-- About this exercise --
Without any of its pictures, the listing below should be output exactly.

##### Data extract

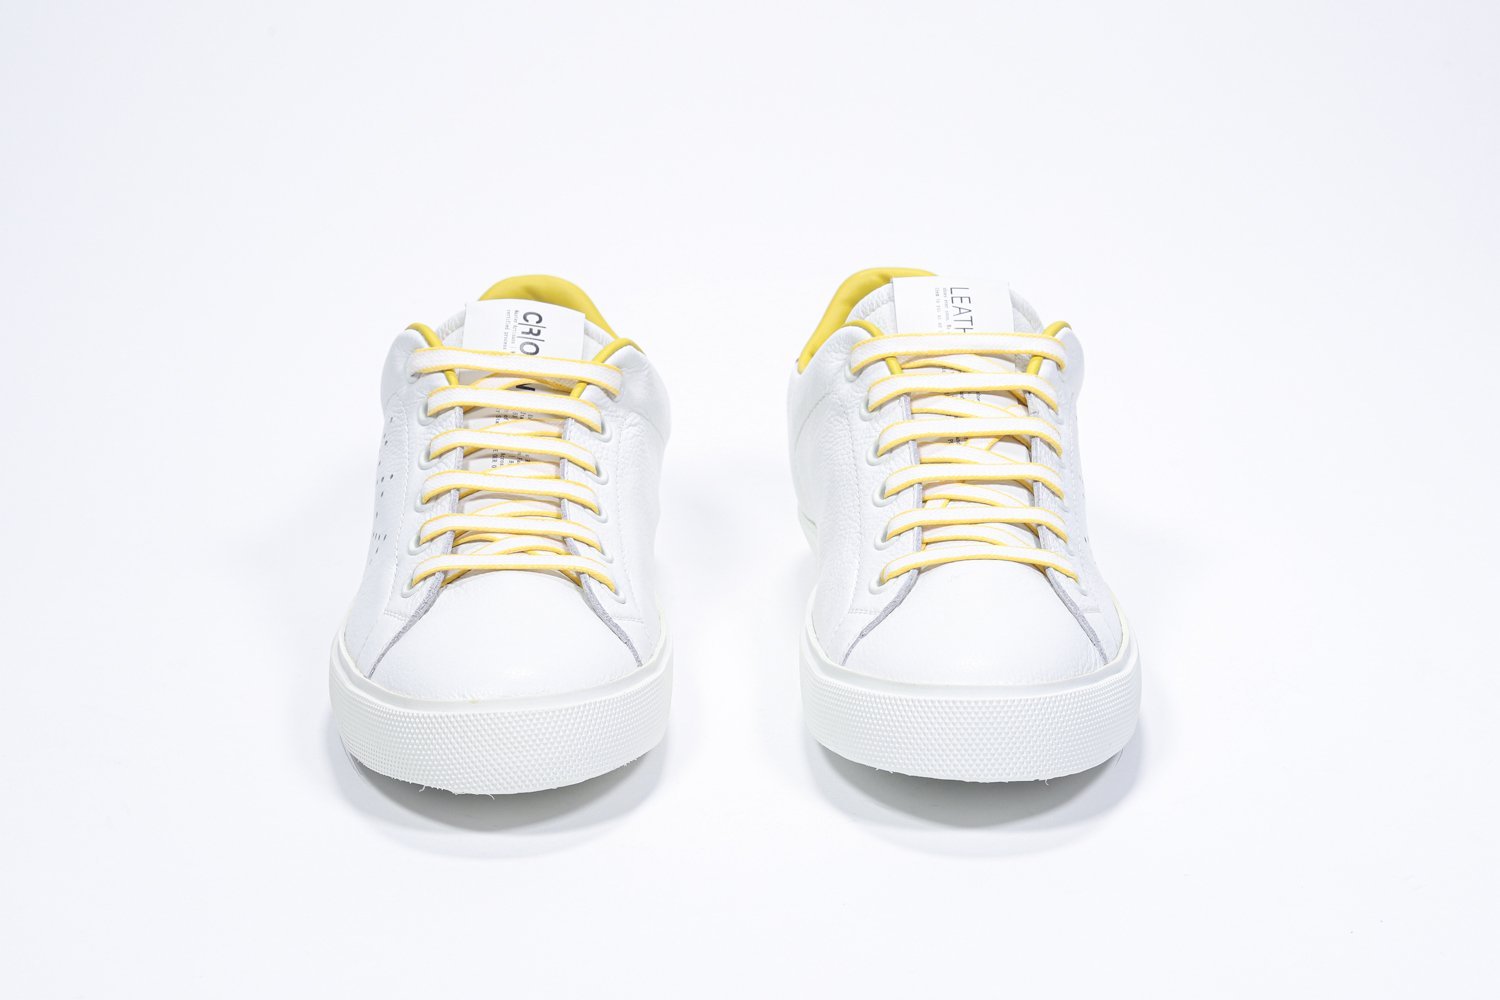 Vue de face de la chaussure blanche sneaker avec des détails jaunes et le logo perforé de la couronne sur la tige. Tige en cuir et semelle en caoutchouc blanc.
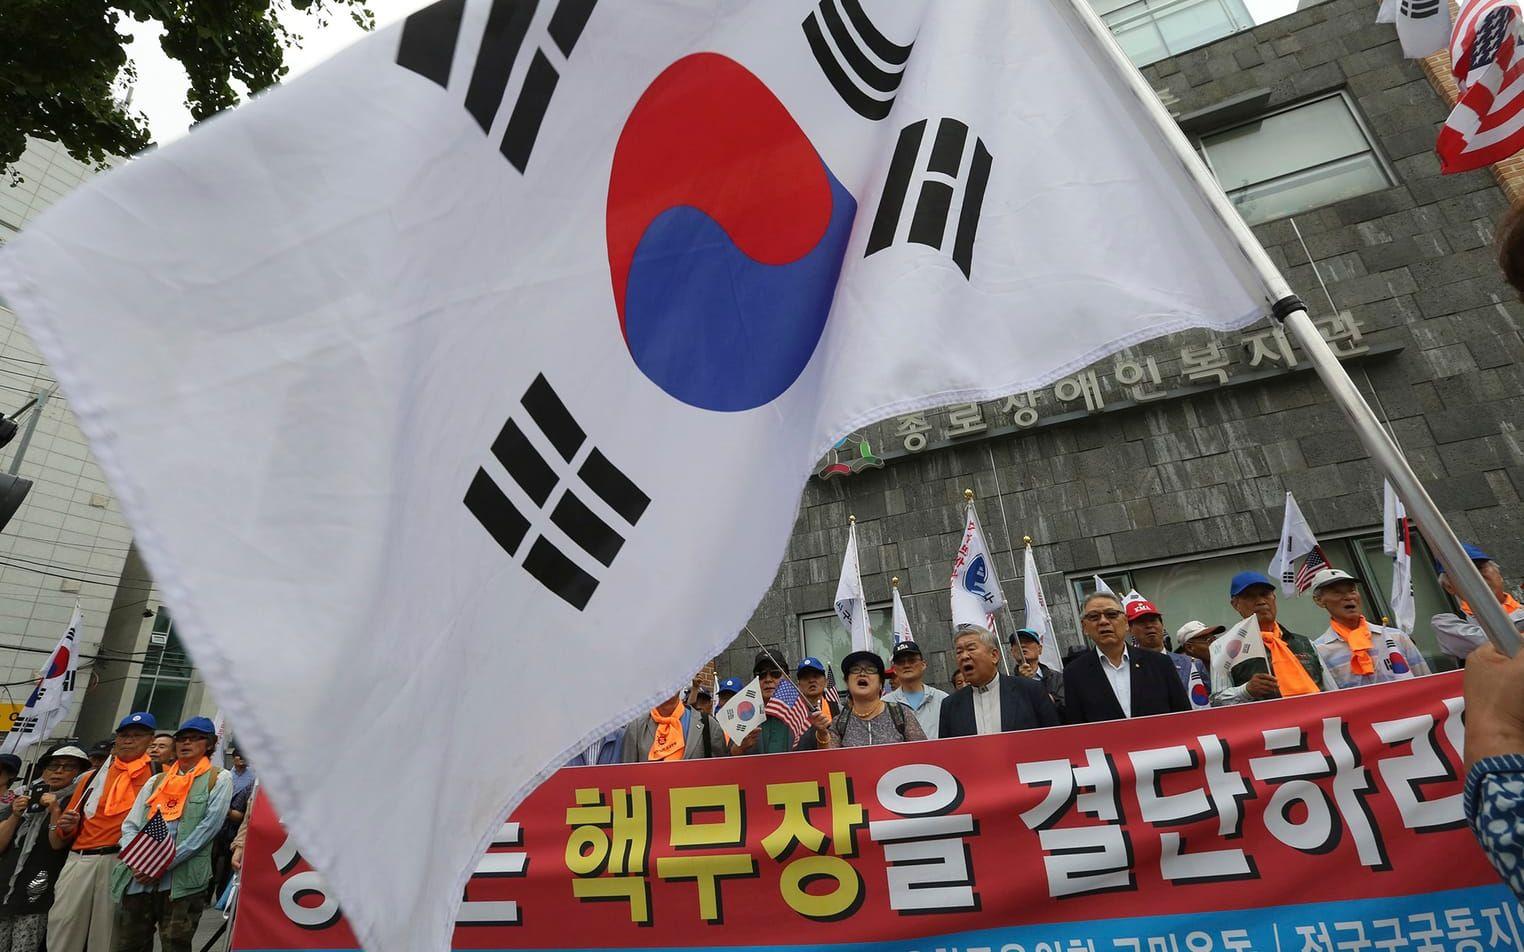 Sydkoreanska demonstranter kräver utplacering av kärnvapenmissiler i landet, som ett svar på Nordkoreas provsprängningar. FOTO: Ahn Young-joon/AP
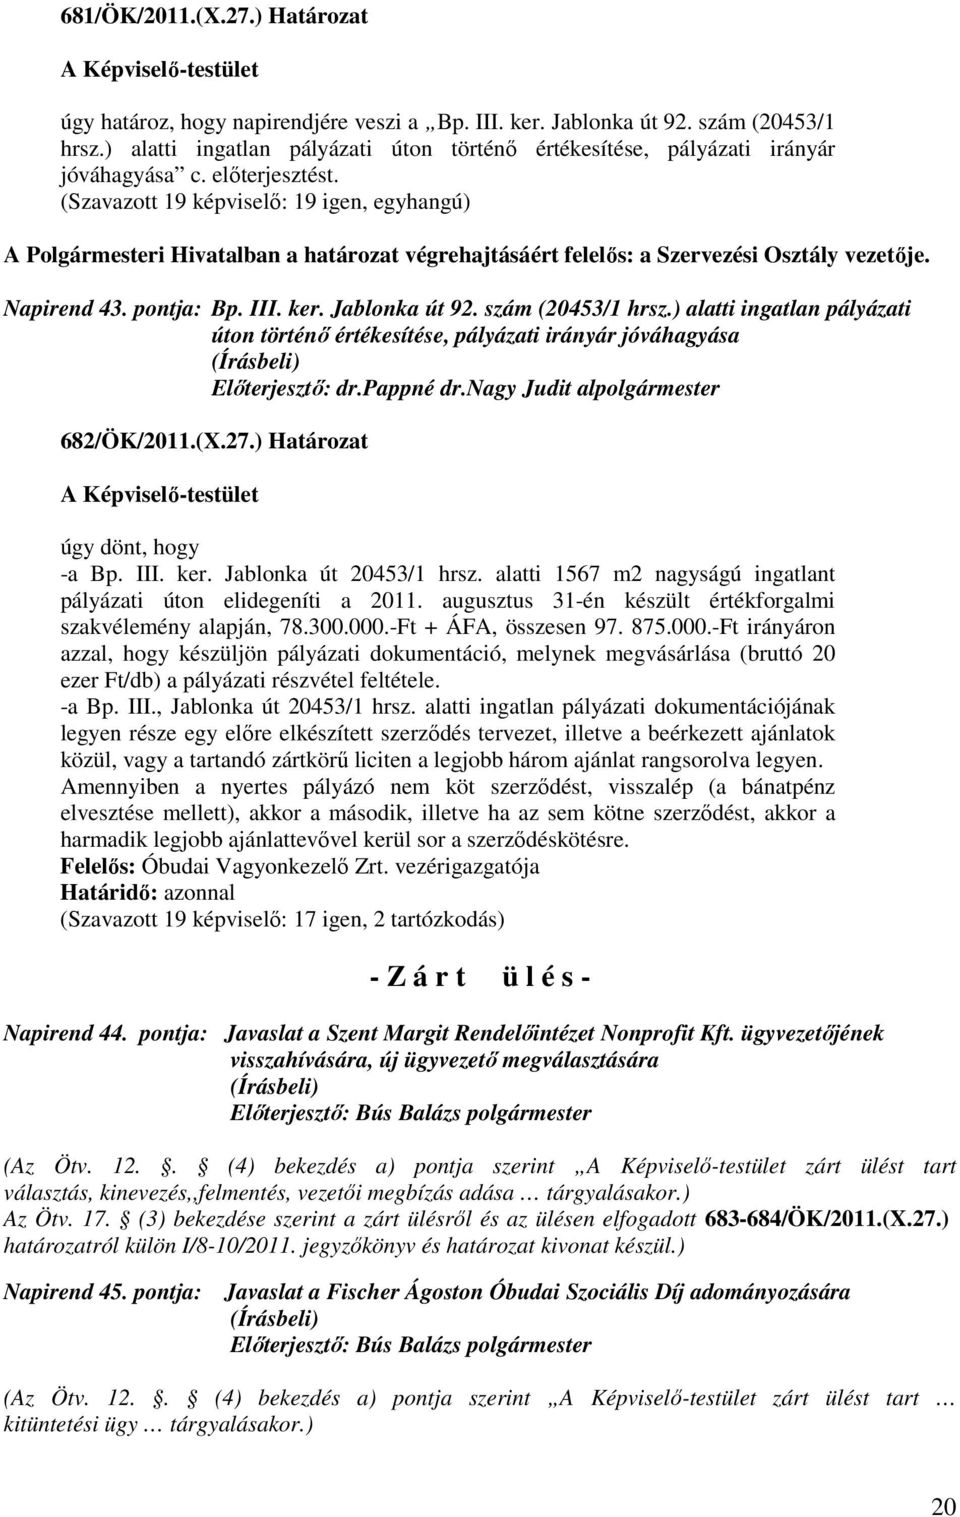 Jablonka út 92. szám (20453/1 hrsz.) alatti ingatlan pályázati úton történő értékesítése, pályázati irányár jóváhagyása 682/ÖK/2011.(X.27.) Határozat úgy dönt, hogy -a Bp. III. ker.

##########

-- Result for this task --
 Vue de face de la chaussure blanche sneaker avec des détails jaunes et le logo perforé de la couronne sur la tige. Tige en cuir et semelle en caoutchouc blanc.
 Sydkoreanska demonstranter kräver utplacering av kärnvapenmissiler i landet, som ett svar på Nordkoreas provsprängningar. FOTO: Ahn Young-joon/AP
 Jablonka út 92. szám (20453/1 hrsz.) alatti ingatlan pályázati úton történő értékesítése, pályázati irányár jóváhagyása 682/ÖK/2011.(X.27.) Határozat úgy dönt, hogy -a Bp. III. ker.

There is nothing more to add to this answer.